Work instructions:
Read through the lines below and copy the ones holding the string "Wallpaper".
··· Task material ···
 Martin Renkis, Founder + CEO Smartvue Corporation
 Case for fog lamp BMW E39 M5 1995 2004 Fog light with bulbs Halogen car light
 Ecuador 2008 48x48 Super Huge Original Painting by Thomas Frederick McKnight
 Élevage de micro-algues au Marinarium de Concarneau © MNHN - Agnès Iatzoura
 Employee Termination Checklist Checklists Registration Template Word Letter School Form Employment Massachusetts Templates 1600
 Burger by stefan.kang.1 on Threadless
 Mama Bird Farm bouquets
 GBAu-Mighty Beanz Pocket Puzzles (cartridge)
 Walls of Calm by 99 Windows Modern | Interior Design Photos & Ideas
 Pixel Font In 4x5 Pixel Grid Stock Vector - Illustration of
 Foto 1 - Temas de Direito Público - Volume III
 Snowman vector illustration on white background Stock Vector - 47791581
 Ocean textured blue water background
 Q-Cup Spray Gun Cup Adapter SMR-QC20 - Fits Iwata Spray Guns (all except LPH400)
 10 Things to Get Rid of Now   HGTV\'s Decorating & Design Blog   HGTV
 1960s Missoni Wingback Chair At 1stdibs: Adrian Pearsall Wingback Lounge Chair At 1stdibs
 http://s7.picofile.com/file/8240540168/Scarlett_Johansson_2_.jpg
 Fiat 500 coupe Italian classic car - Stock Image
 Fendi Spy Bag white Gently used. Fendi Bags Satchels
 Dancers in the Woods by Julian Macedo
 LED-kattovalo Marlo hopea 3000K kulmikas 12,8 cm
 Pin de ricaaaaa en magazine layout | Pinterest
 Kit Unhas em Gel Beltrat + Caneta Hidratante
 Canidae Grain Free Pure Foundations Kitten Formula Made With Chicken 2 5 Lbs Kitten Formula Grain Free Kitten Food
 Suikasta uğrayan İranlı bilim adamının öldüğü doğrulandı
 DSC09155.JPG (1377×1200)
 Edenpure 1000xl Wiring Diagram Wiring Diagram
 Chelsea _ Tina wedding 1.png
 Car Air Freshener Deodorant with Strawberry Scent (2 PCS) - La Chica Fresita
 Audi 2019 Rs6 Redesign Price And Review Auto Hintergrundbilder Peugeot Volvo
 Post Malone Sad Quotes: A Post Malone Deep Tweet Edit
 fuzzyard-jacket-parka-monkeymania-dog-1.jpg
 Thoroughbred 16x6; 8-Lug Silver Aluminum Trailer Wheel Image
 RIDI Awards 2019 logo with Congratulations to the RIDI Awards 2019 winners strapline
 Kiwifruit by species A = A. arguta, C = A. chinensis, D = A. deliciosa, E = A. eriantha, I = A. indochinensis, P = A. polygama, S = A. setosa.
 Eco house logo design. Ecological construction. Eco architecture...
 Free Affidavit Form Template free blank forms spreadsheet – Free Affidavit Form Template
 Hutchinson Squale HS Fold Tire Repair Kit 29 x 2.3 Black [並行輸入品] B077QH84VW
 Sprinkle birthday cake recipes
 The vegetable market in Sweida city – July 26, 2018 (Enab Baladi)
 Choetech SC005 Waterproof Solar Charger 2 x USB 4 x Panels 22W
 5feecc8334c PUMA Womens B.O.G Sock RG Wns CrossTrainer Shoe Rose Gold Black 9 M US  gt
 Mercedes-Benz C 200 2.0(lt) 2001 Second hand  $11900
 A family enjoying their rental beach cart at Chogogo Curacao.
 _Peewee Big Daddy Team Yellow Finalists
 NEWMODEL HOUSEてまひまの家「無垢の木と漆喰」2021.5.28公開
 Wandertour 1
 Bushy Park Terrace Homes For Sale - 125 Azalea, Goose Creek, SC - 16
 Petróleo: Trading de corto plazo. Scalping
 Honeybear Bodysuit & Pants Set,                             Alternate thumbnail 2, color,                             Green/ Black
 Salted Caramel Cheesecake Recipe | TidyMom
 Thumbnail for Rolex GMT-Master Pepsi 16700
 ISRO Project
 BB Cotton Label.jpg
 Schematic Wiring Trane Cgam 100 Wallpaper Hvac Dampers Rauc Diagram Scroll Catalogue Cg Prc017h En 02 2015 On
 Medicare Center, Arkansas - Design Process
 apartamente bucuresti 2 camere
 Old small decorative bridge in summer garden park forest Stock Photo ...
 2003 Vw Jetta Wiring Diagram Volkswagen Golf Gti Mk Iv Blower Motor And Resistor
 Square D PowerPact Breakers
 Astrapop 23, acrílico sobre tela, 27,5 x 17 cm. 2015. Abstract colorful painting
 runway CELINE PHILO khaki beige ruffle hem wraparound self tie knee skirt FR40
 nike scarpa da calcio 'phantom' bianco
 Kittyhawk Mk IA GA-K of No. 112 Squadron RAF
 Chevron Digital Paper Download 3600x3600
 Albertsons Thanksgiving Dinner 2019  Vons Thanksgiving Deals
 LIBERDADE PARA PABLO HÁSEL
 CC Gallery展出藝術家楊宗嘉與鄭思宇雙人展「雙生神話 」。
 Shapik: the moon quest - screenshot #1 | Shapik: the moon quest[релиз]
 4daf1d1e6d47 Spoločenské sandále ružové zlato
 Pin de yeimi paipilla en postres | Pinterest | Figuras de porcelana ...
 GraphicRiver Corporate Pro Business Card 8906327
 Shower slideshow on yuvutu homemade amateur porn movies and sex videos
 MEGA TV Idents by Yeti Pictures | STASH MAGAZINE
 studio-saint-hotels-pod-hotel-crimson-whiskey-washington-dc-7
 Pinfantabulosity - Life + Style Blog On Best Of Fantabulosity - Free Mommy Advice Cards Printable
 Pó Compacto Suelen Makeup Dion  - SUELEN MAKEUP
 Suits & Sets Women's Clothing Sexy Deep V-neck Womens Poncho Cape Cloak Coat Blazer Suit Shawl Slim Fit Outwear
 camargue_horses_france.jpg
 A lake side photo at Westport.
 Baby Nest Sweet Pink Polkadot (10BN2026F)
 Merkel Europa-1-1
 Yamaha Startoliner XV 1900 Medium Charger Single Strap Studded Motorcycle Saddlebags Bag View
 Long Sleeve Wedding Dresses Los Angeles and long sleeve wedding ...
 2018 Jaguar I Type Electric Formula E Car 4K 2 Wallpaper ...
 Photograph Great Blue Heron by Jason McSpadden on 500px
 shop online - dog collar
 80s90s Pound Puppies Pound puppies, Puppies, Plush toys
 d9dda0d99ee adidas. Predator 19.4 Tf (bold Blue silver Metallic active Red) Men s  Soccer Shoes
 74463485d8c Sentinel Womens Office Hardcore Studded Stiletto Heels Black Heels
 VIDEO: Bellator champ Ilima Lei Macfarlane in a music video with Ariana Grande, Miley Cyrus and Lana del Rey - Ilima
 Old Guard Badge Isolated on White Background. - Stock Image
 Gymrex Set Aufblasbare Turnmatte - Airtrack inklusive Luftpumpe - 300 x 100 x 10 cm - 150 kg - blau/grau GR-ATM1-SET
···
Expected output:
 Schematic Wiring Trane Cgam 100 Wallpaper Hvac Dampers Rauc Diagram Scroll Catalogue Cg Prc017h En 02 2015 On
 2018 Jaguar I Type Electric Formula E Car 4K 2 Wallpaper ...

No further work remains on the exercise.